526 / 558

第523話

「……あ、」 力が、抜ける…… 脇腹を撫でられ、胸元へと肉を寄せられ、その先端をしゃぶられる。 柔らかい熱に包まれ、吸われながら、ずぶずぶと……快楽に溺れていく── 気持ちいい、気持ちいい、気持ちいい…… ……もっと、もっと…… 欲しい…… ……だめ、気持ちいい……ダメ…… 何処からともなく湧いて溢れる水。 既にベッドの高さまで、この部屋が水没している。 身体が、背中から沈む。……沈んでいく。 小さな波が立ち、水面が揺れながら、僕の身体全てを飲み込むと、目の前に綺麗な網状の水面模様が見えた。 男が、水に沈んだ僕を覗き込みながら……何か話し掛けてる。 ……だけど、水中では良く聞こえない。 おかしい。 水の中に沈んでいるのに……余り苦しくない…… 水面が、少しずつ離れていく。 ……あ…… 腰を掴まれ、グイと引き上げられる。下半身だけが、水面より上に出る。 ズンッ、と腹の奥に強く打ち込まれる、男の楔。 僕がこれ以上沈まないように……食い止めてくれたのかな…… ズッズッズッ…… 何度も打ち直され、びくびくとナカが脈動すれば、強く擦れた内壁から甘い快感が滾り、肌の表面を走り抜ける。 ……あ、ぁあ″…ぁぁ…っ、! と同時に、波に飲まれた砂山のように……意識が、崩れていく…… ──ドォンッ 突然響く、大きな音。 水中のせいか。
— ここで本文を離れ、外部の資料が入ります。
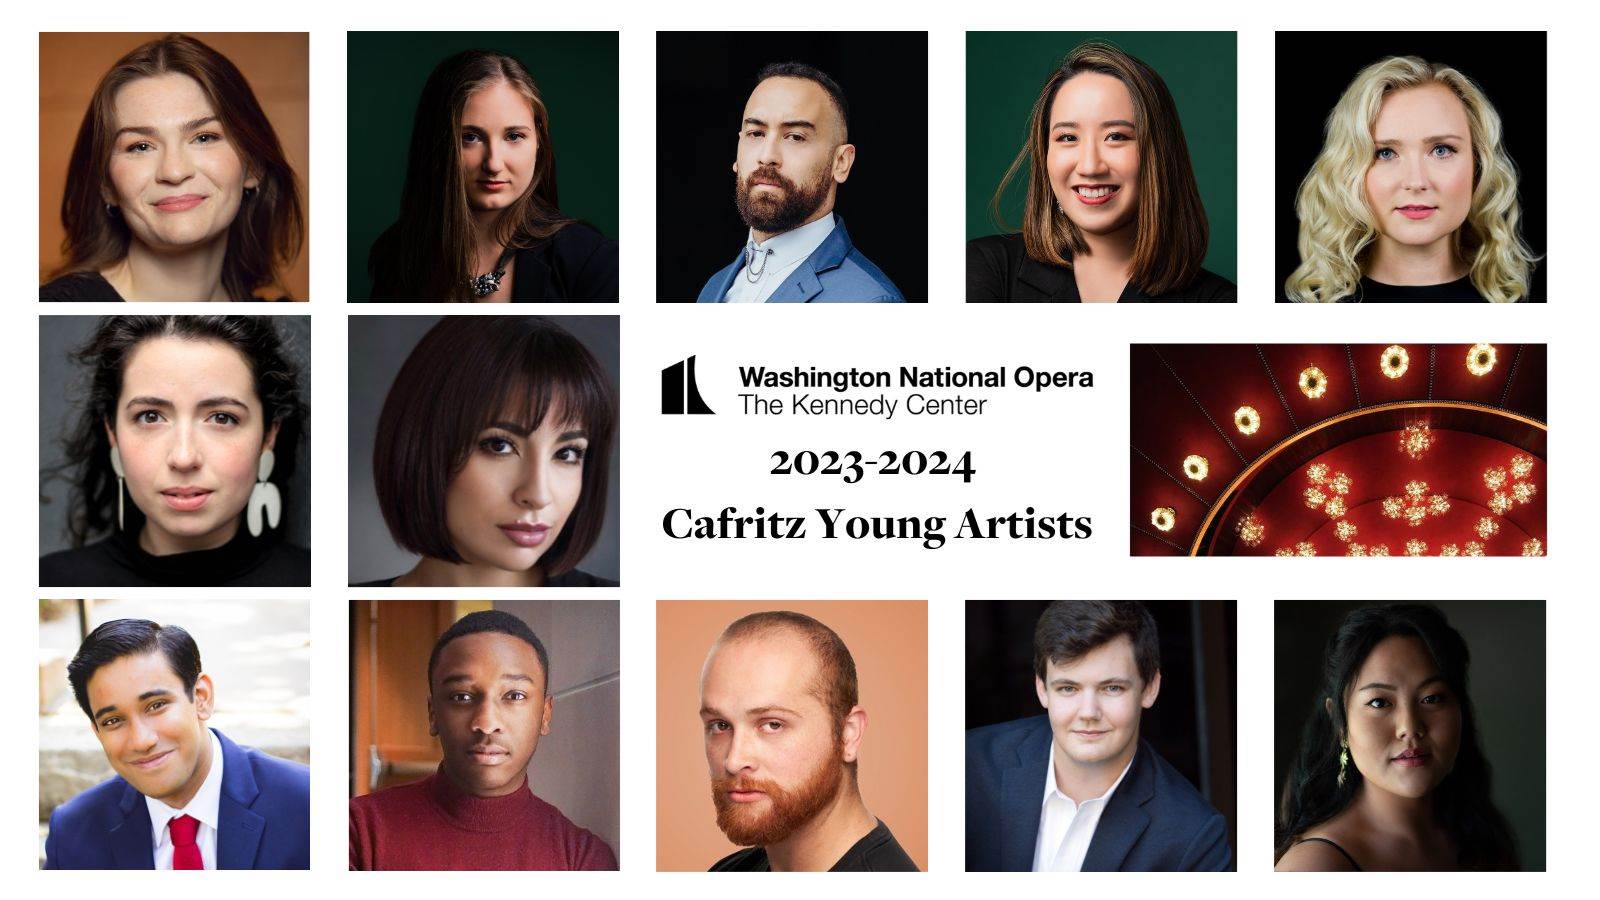 Washington National Opera 2023-2024 Cafritz Young Artists 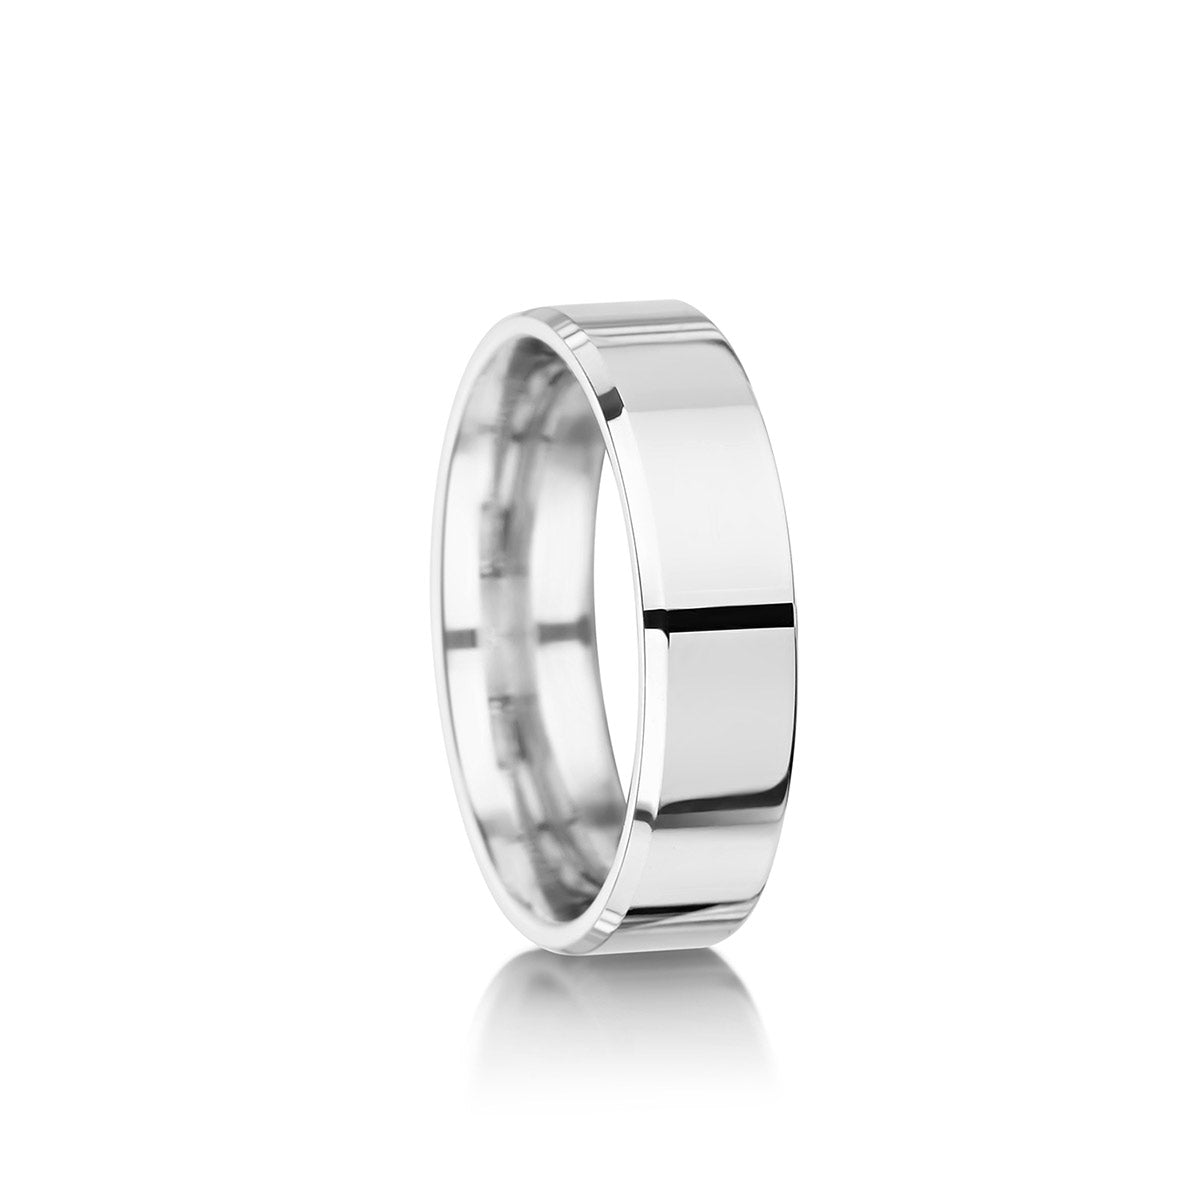 5mm Gents Polished wedding Ring With Polished finish – MWR12

鈍くて、尖りを丸くしたような……余り迫力のない音。 なんだろう……花火……? キラキラと光る水面上に散りばめられた、色鮮やかな赤い飛沫。 ……あ、ダメ…… やだ、離れちゃ……ヤだ…… 打ち込まれた楔が、僕から外れる。 僕の顔から人影が消え、一人取り残された僕は、溢れ続ける水の底にゆっくりと身体が沈んでいく。 助けて…… ……僕を、離さないで…… 既に遠く離れてしまった水面に向かって、必死に手を伸ばす。 ──ガシッ その手を、大きな手に掴まれ……一気に引き上げられる。 「……さくら、」 呼ばれて、薄く開けていた瞼を懸命に持ち上げる。 びしょ濡れの身体は酷く重たくて。でも、それを支えてくれる腕は……酷く温かくて、頼りがいがあって── ……知ってる……この感覚。 この匂い。 「………りゅ…、ち……?」 そっとその名を呼べば、視界の中で薄ぼんやりとしていた顔の輪郭が、少しだけハッキリとしてくる。 切れ長の眼に、スッと通った鼻筋。 シニカルな笑顔が似合う、クールで格好いい……僕の大好きな、竜一。

ともだちにシェアしよう!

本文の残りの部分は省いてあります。